Remove caching

mergennachin · mergennachin · commit ffbfbe7020b8 · 2025-12-02T17:22:17.000-08:00
diff --git a/backends/cuda/runtime/cuda_backend.cpp b/backends/cuda/runtime/cuda_backend.cpp
@@ -48,36 +48,26 @@ using executorch::runtime::Result;
 using executorch::runtime::Span;
 using executorch::runtime::etensor::Tensor;
 
-// Structure to hold cached GPU tensor data for "keep on device" optimization
-struct CachedGpuData {
-  void* data_ptr;           // GPU memory pointer
+// Structure to hold a reference to a GPU tensor for "keep on device" optimization.
+// Owns the tensor handle - must be deleted when no longer needed.
+struct GpuTensorRef {
+  AOTITensorHandle handle;  // Tensor handle (owned, for later deletion)
+  void* data_ptr;           // GPU memory pointer (for D2D copy)
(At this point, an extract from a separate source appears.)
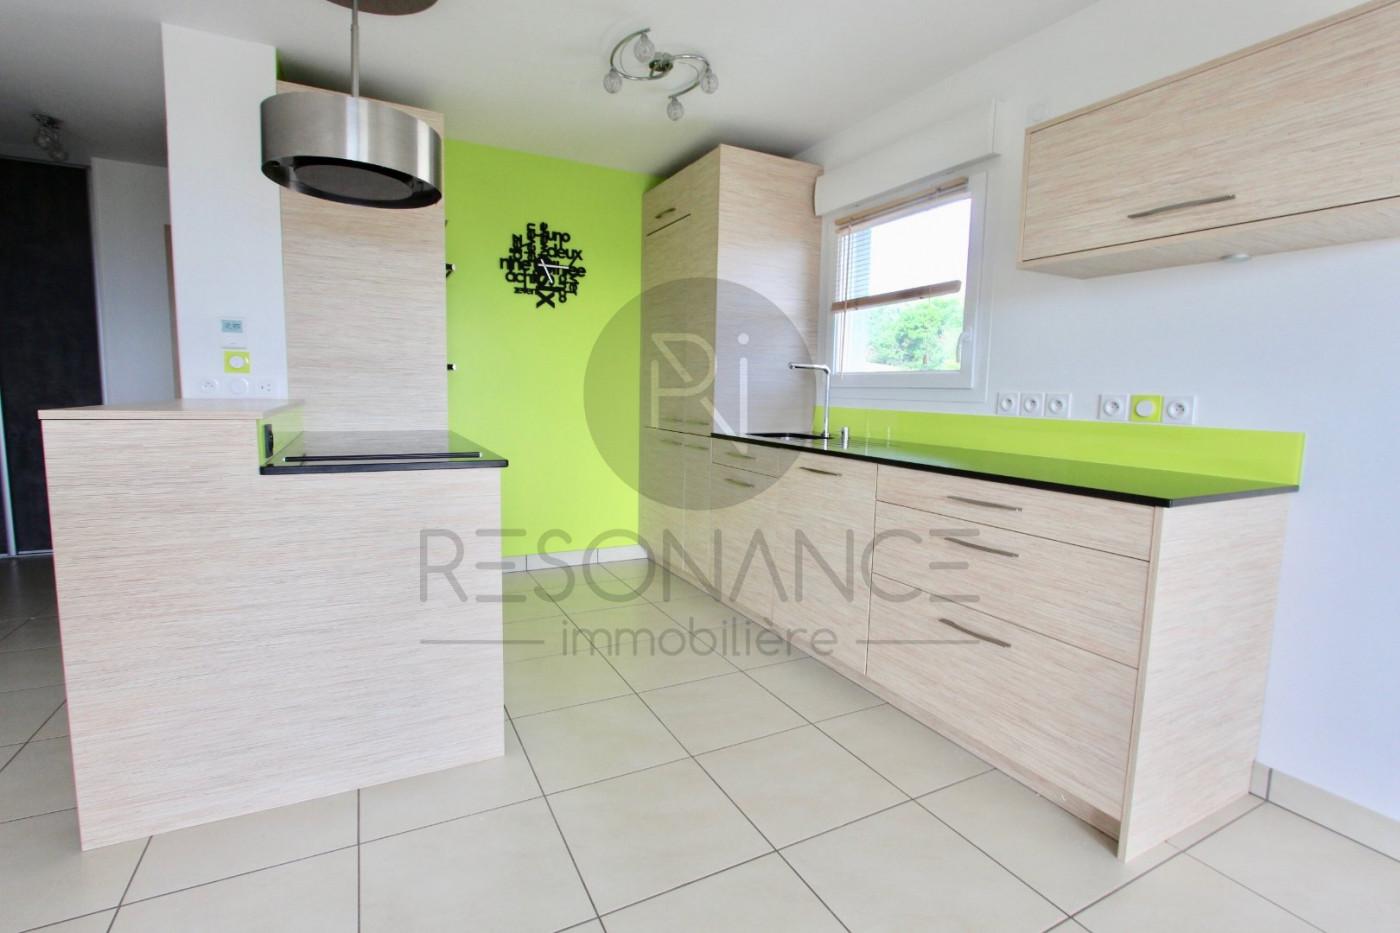 A vendre  Les Ollieres | Réf 74023166 - Resonance immobilière

   size_t size_bytes;        // Total size in bytes
-  int32_t scalar_type;      // Data type
-  std::vector<int64_t> sizes;  // Original shape
 };
 
-// Global device cache - maps name to cached GPU data
-// Using raw GPU pointers instead of tensor handles for format independence
-// Note: This cache is NOT thread-safe. Callers must ensure execute() is called
-// from a single thread.
-static std::unordered_map<std::string, CachedGpuData> g_device_cache;
-
-// Helper function to clear all cached GPU memory
-// Should be called during backend cleanup
-static void clear_device_cache() {
-  for (auto& pair : g_device_cache) {
-    if (pair.second.data_ptr != nullptr) {
-      cudaError_t err = cudaFree(pair.second.data_ptr);
-      if (err != cudaSuccess) {
-        ET_LOG(
-            Warning,
-            "Failed to free cached GPU memory for '%s': %s",
-            pair.first.c_str(),
-            cudaGetErrorString(err));
-      }
+// Global map of named GPU tensor references.
+// Note: NOT thread-safe. Callers must ensure execute() is called from a single thread.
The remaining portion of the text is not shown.